We never tire of the fold of the land.

Sedimentary sandstone contorted and eroded by wind and water.

 
It must rain enough for some protection for mud walls to be required.
 
Our first glimpse of Amtoudi.

Not quite what we were expecting - there's something built on the hill top.

 
An Agadir. As in granary, not the city on the coast.
 
So we went for a walk to see what it is.

We aren't the only tourists. The village is accessible for day trips from Agadir and there's a steady flow through a few hotels and restaurants as well as the campsite.

 
Our campsite is about central in the pic. We think an old military depot - our Garmin said we had arrived at "the ordnance"..
 
Looking deeper into the gorge from the agadir.
 
This is Agadir Id-Aissa.

Id-Aissa is (we think) an alternative name for Amtoudi.

About 12th century. Restored some time in the last 30 years or so.

To keep grain and other food safe.

  
Difficult to understand the guardian's limited French with our limited French.

We think beehives or storage for honey.

 
Ali and I, Janice and Ian.
 
Some of the wicker baskets had signs of a mud coating.

Looks like more than bees and honey to our uneducated eyes..

 
Narrow passages, small storage rooms, low doors.

This structure is quite unlike a castle or other symbol of power, prestige,  status, rule or oppression. And not religious as a church, cathedral, mosque or temple. Nor monumental as a burial site.

It somehow feels communal, utilitarian, defensive not offensive, to protect not conquer, survival not worship. 

Perhaps simply public infrastructure for the time.

 
They've made the most of the limited space on top of the rock.

Research has been difficult for us (google wants us to go to a hotel) but we did find  this paper on grain conservation in the Maghreb (North Africa, west of Egypt to the Atlas Mountains) to Central Europe.

We missed this bit of influence on Andalucian culture. The Maghrebis are the Moors that occupied the Iberian Penninsular.

  
Mostly built on a kind of shelf running round the rock.

Any water flowing off the roofs is diverted to a single cistern.

Grain (and other crop) storage is primarily required because of the possibility of bad years and famine.

Beyond that is the threat from other tribes and sometimes central government. Subduing the community involved destruction of the granary.

 
We haven't been up to the plateau yet.

There's a mosque within the walls. The agadir is crime free, inviolable. No lies, no theft. Grain itself is sacred, a tradition possibly older than Islam, and thus so is the agadir.

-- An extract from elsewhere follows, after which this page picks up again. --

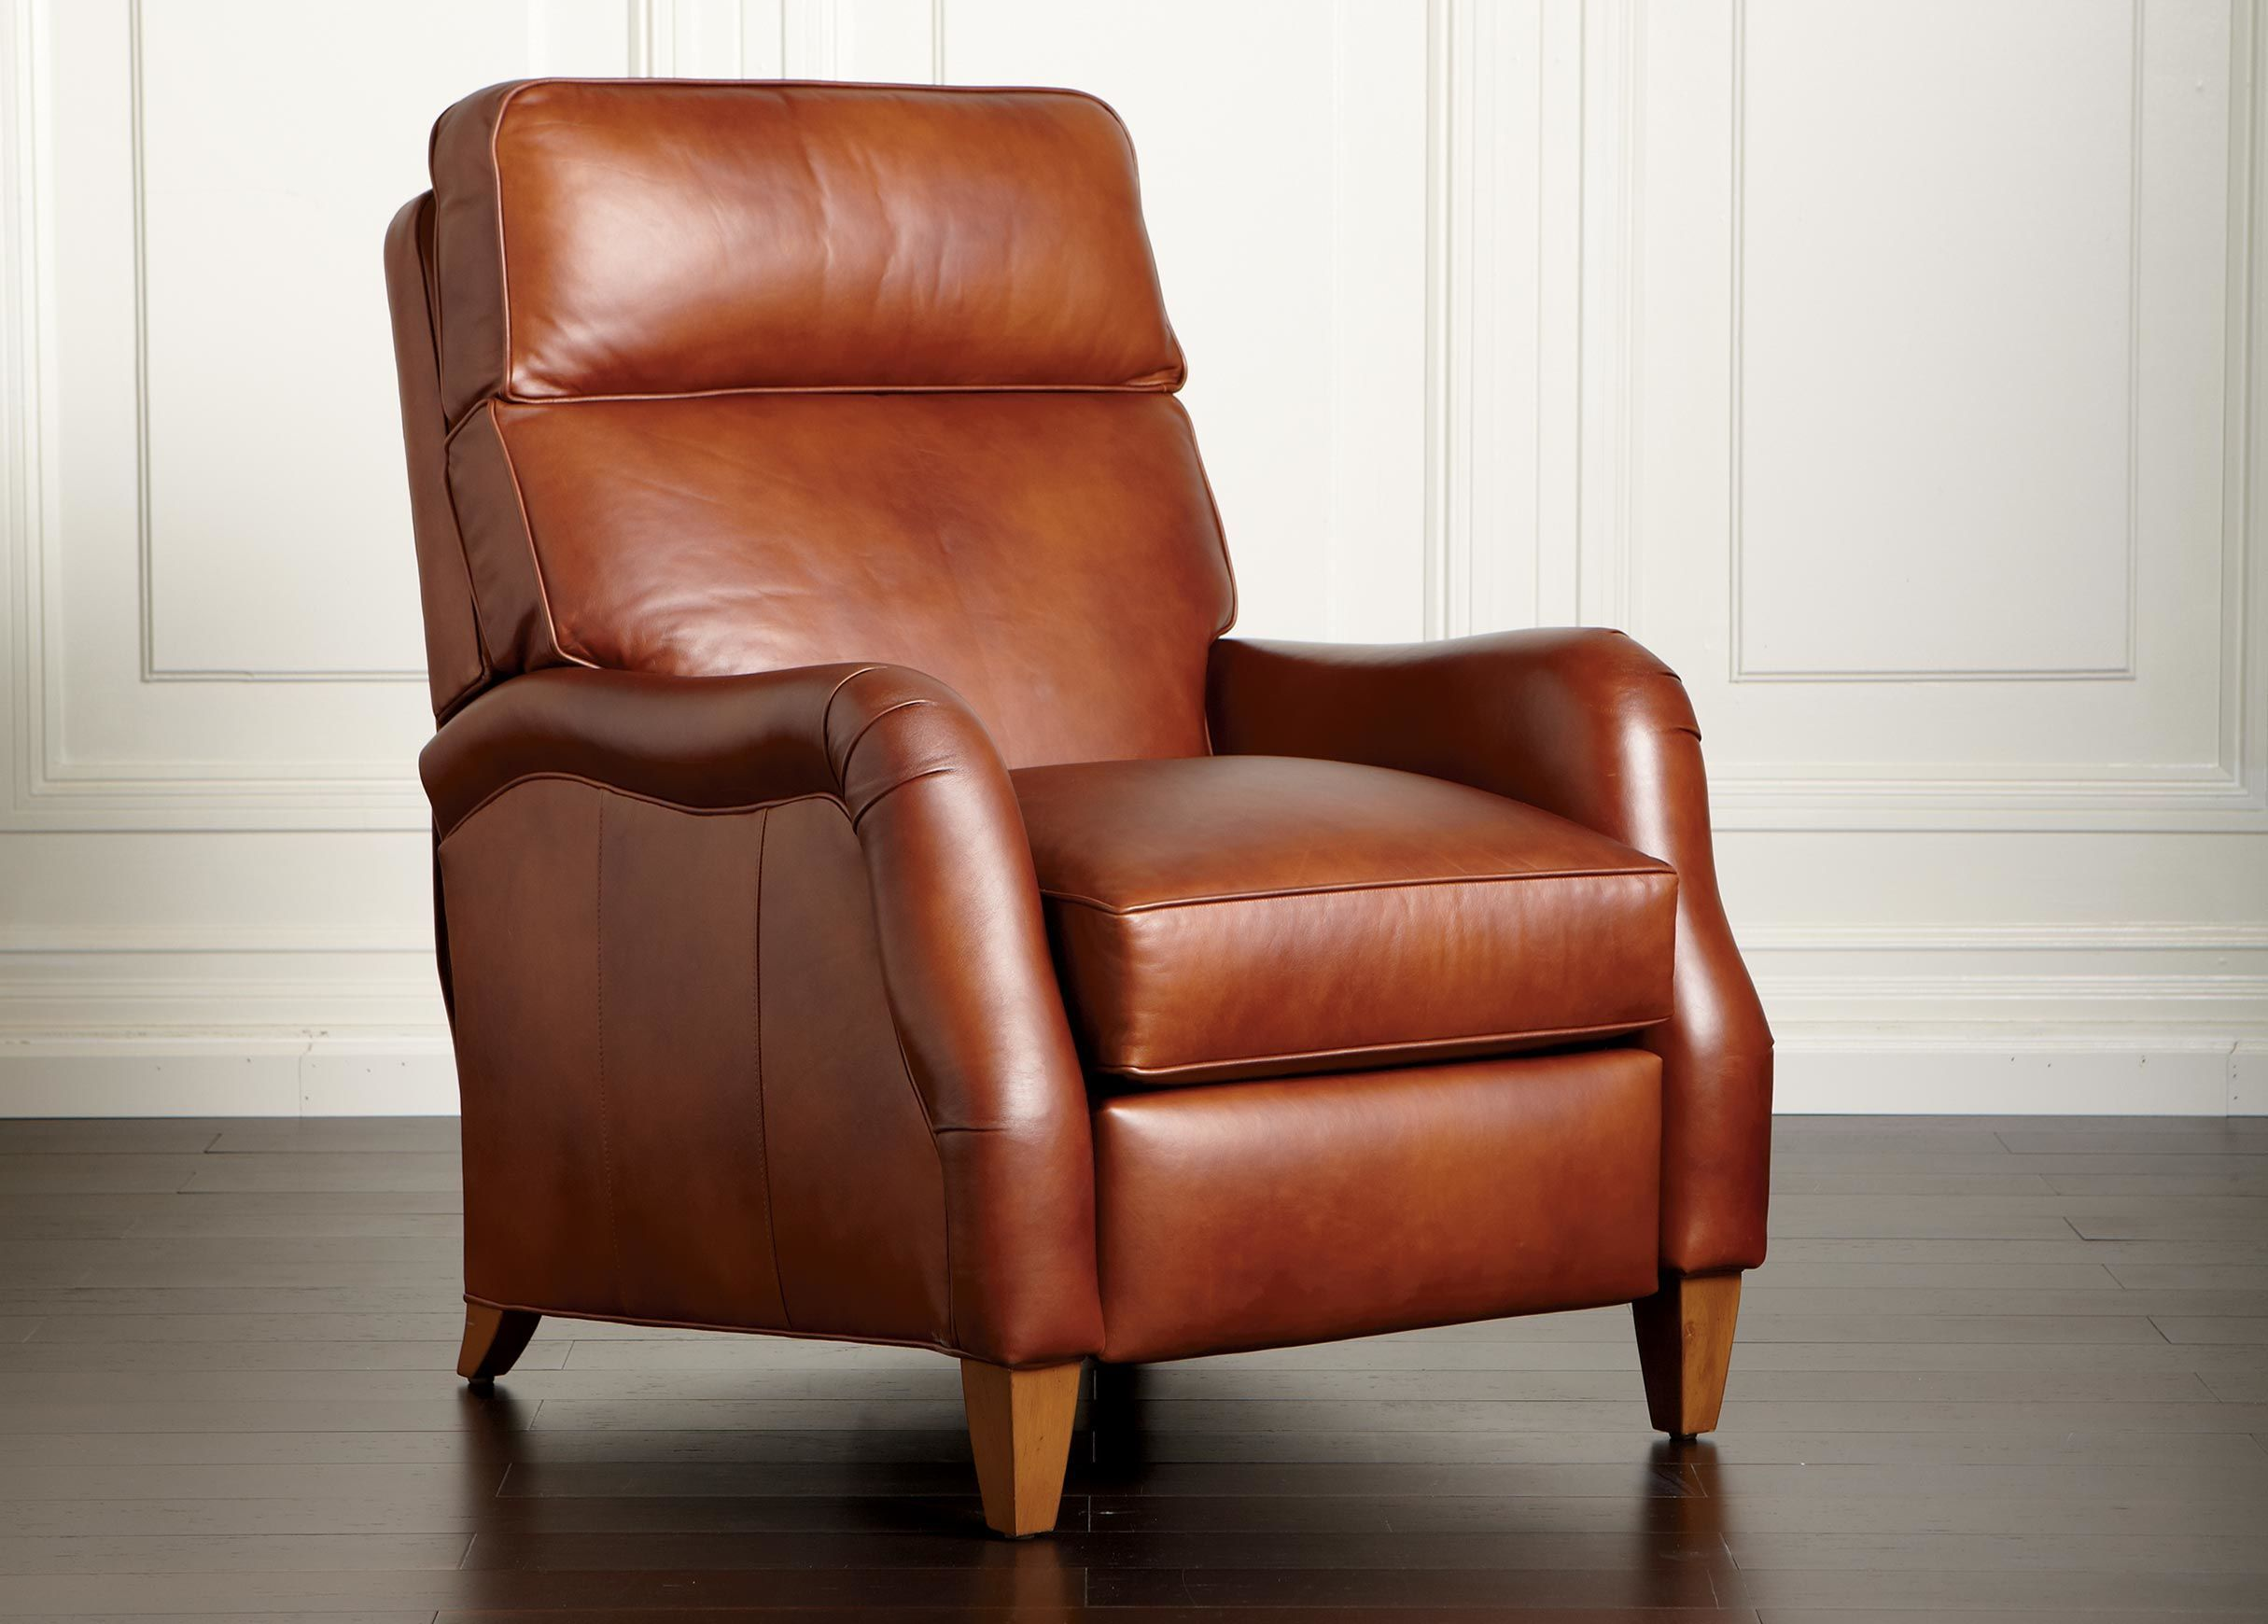 ethan allen recliners chairs mac sports folding chair aiden leather recliner pinterest

The granary is predominantly a Berber tradition but is possibly also older and wider.

 
There's a "museum" where artefacts have been collected.

Part of the Koran.

Written on bone.

 

A wooden lock.

The head of each family had a key to the family's storage rooms.

There's a hint that only sufficient grain was provided to the family to avoid waste.

We think its quite possible our guardian is a continuation of the original guardian who limited access to the agadir and guarded against deterioration of the grain.

 
And storage jars.

Its taken several days to arrive at some small sense of how the community may have worked.

But that's a quite different sense to how feudal European Christian communities evolved. 

 
We stand in awe of the brickies.

An almost seamless continuation of the cliff.

 
We walked.

The bird probably flew!

 
A couple of hours up and back.

The guardian must have been summoned as we left the campsite. We made sure the people at the campsite knew we were going up and let the grapevine do the rest.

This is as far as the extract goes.